Re: John, Arnold? Re: Amendment to property tracking
Baker, Jürgen, Dominique, P1788
On 5 Jun 2011, at 21:51, Ralph Baker Kearfott wrote:
> John, Arnold,
> Please give your opinions...
> On 06/03/2011 09:58 AM, Nate Hayes wrote:
>>
>> It is also important to remember that both FTIA and FTDIA are theories.
>> As such, all they do is make *predictions* about the result of an
>> interval expression. Neither actually *compute* anything.
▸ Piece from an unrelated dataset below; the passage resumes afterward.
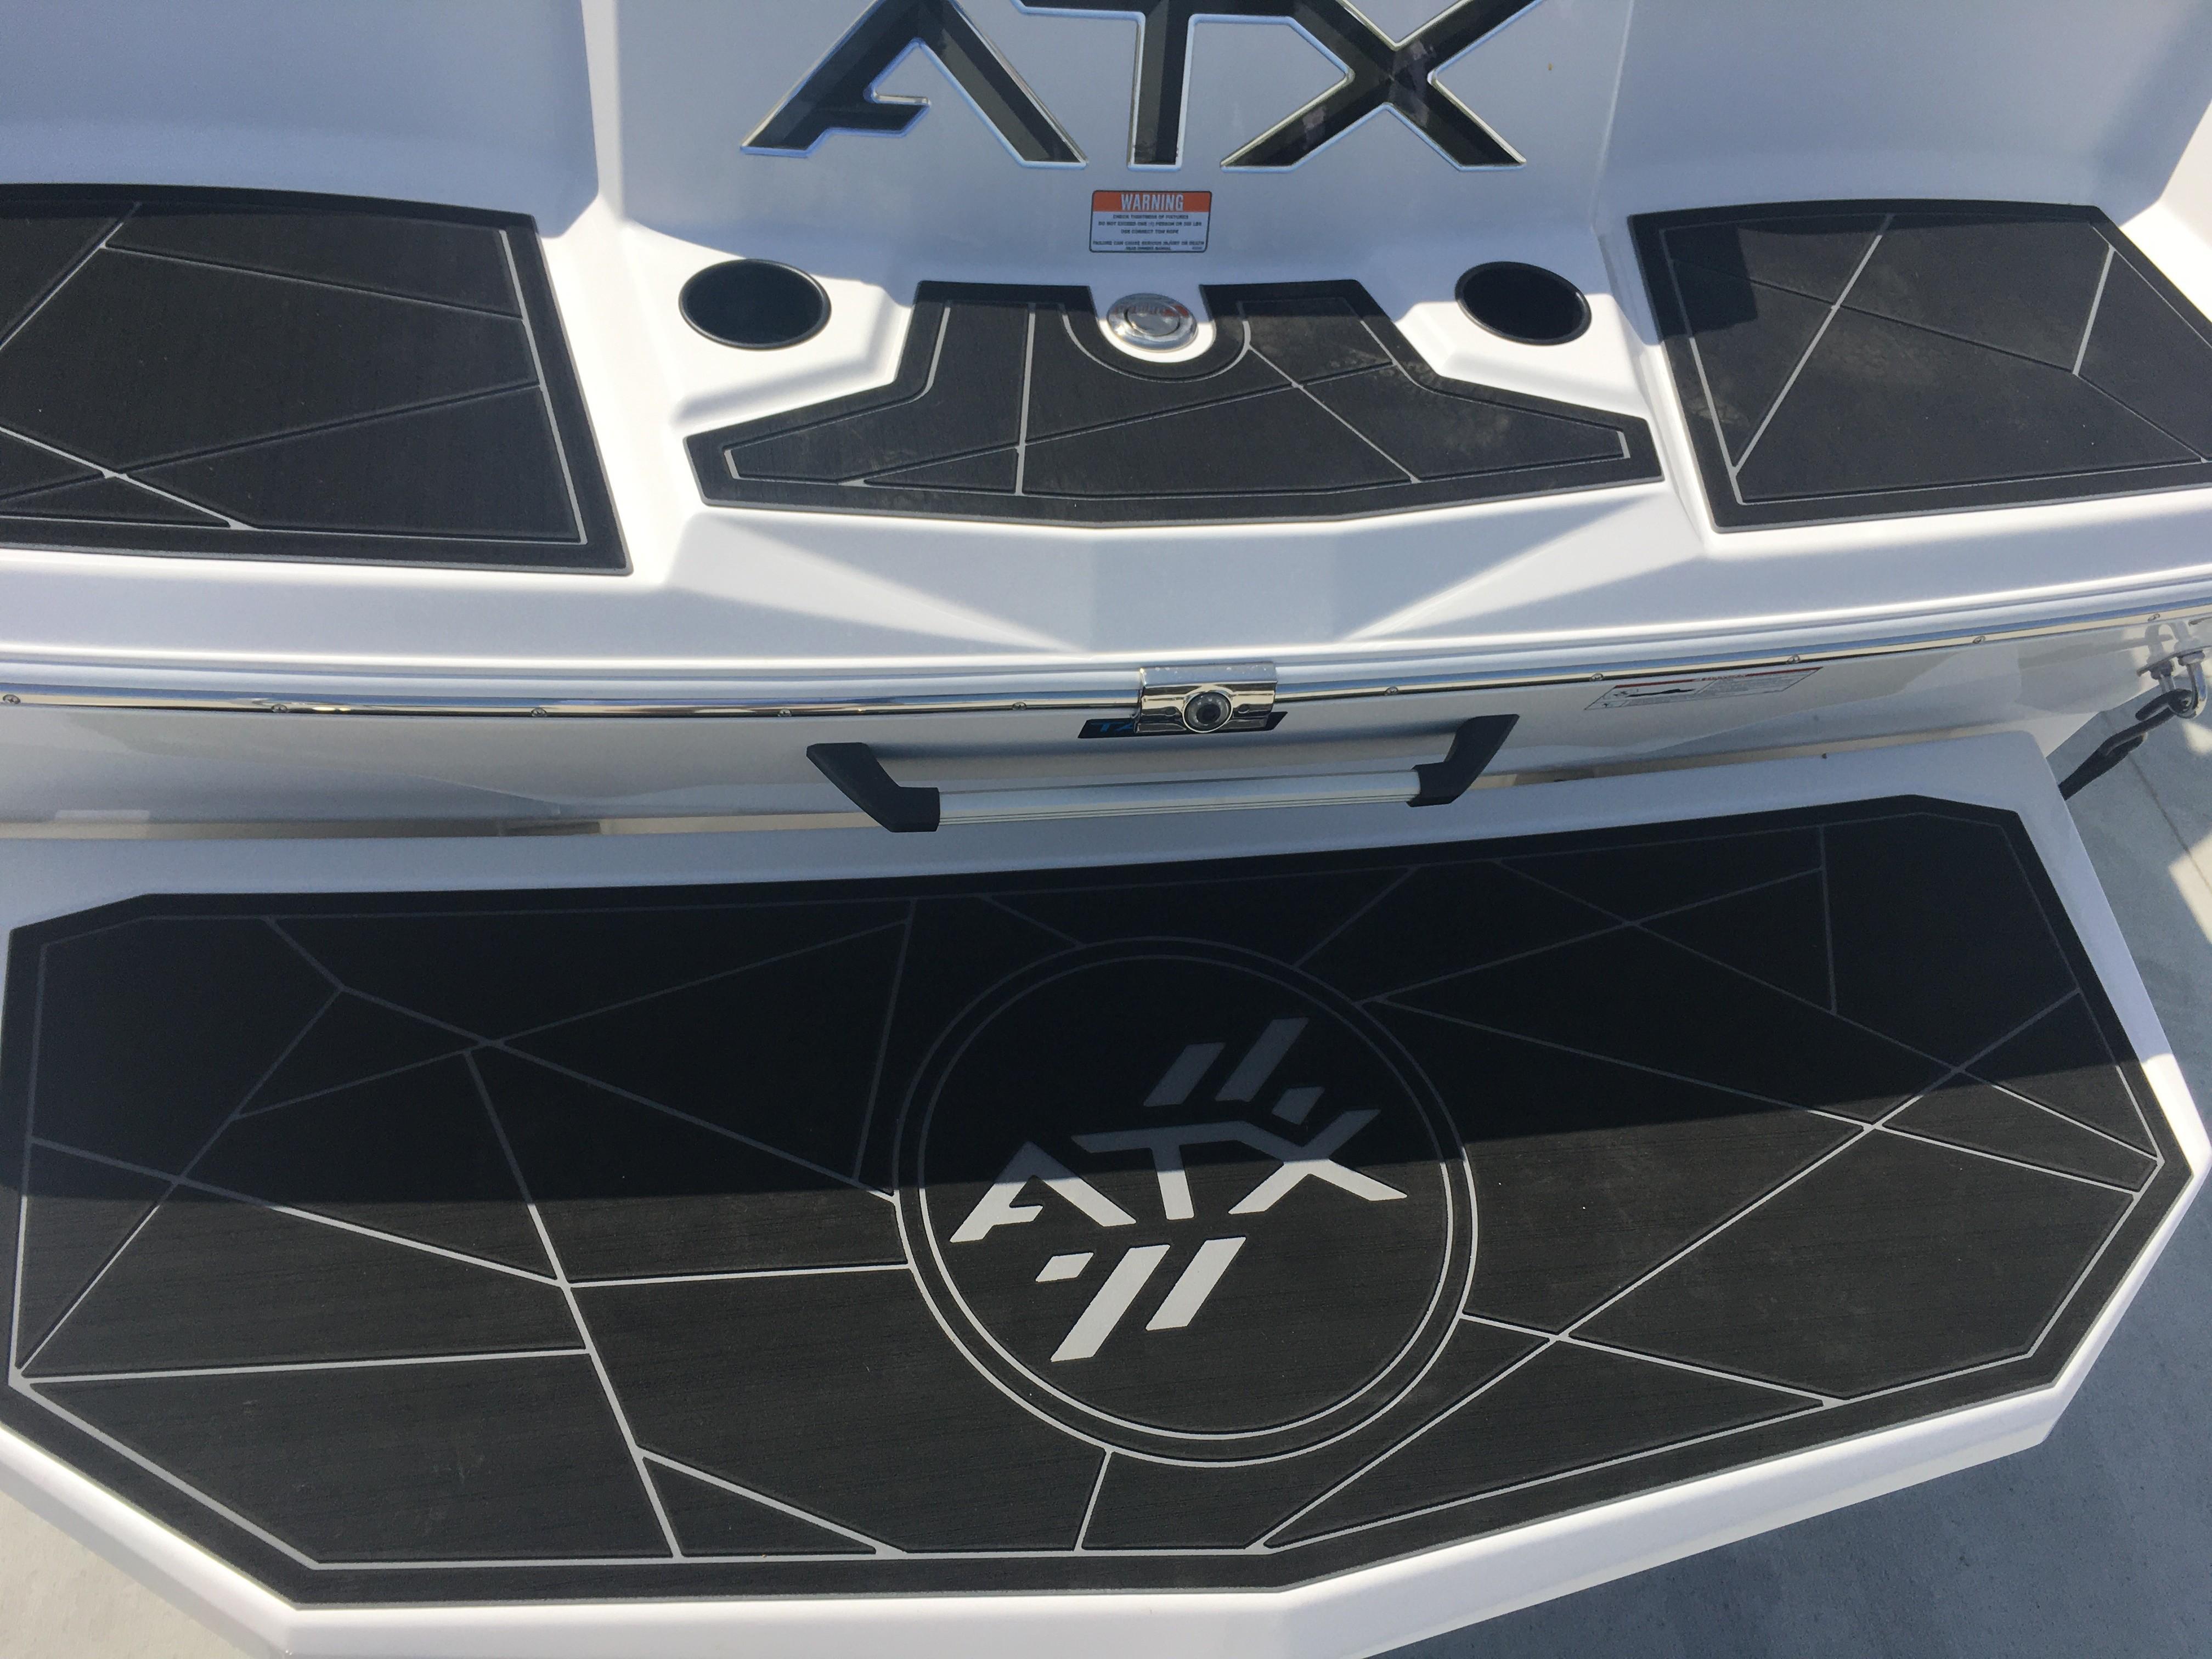 2020 ATX Surf Boats                                                              22-S Image Thumbnail #11

So even though
>> they are necessary, they are not enough for a standard.
>>
>> For FTIA, this is why P1788 passed Motion 5, which provides interval
>> arithmetic operations to compute range enclosures consistent with FTIA.
>>
>> For FTDIA, this is why P1788 should pass Motion 25, which provides the
>> necessary operations to compute decorations consistent with FTDIA.
>> ...
>> Dominique Lohez wrote:
>> Jürgen Wolff von Gudenberg a écrit :
>>>> I would like to raise the question:
>>>> "Do we really need an FTDIA ?"
>>>> or is an FTIA sufficient?
>>> Yes, we need FTDIA The meaning of the theorem is to fulfill the precept
>>> Thou shalt not lie
>>> For the interval width , this leads to FTIA
>>> For decorations this leads yo FTDIA
>>> IMHO Interval arithmetic and Decoration Calculations must not be dealt
>>> with separately.
This is how I look at it, though no doubt only a partial view.
Initially we thought of decorations as separate pieces of information that "tag along" while evaluating a function and are sort of subsidiary to the computed yy=f(xx) which, the FTIA says, encloses Range(f,xx).
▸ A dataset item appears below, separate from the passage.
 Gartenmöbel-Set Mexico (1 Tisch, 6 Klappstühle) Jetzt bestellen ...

It was Arnold's insight (and I think Nate was thinking on similar lines) to consider various combinations of the D+, D- and C bits as forming useful predicates p_d(f,xx) about pairs (function f, box xx). As a predicate can be regarded as "the set of things for which it is true", one could think of p_saf, p_def, etc. as being sets saf, def, etc.
If we can prove a given (f,xx) is in the set "saf", that is a smaller set and tells us more than if we can only prove it is in "def" or "con"; just as the smaller yy we can find, the more it tells us about Range(f,xx).
So, regarding decorated evaluation as a "joint enclosure", componentwise:
(computed range, computed decoration) \supseteq (true range, true decoration)
of f over xx, seemed sort of neat. That's what the FTDIA is.
Jürgen asks "Do we really need an FTDIA ?" Well, we need a decoration system in addition to the FTIA. Dominique is right that the 2 parts "must not be dealt with separately"; indeed CANNOT be dealt with separately.
But
- We don't HAVE to formulate it in the form of a FTDIA.
- There may yet be some flaw in the theory that makes such a formulation so messy that it doesn't help prospective users to understand the concepts.
- Or P1788, on studying a "final" FTDIA formulation, may just say "No thanks", and vote to go back to the original D+, D- and C bits.
Personally I continue to like the hierarchy of saf, def, etc. and the "joint enclosure" viewpoint, but some work is still needed to verify that it really can be made both tidy and watertight.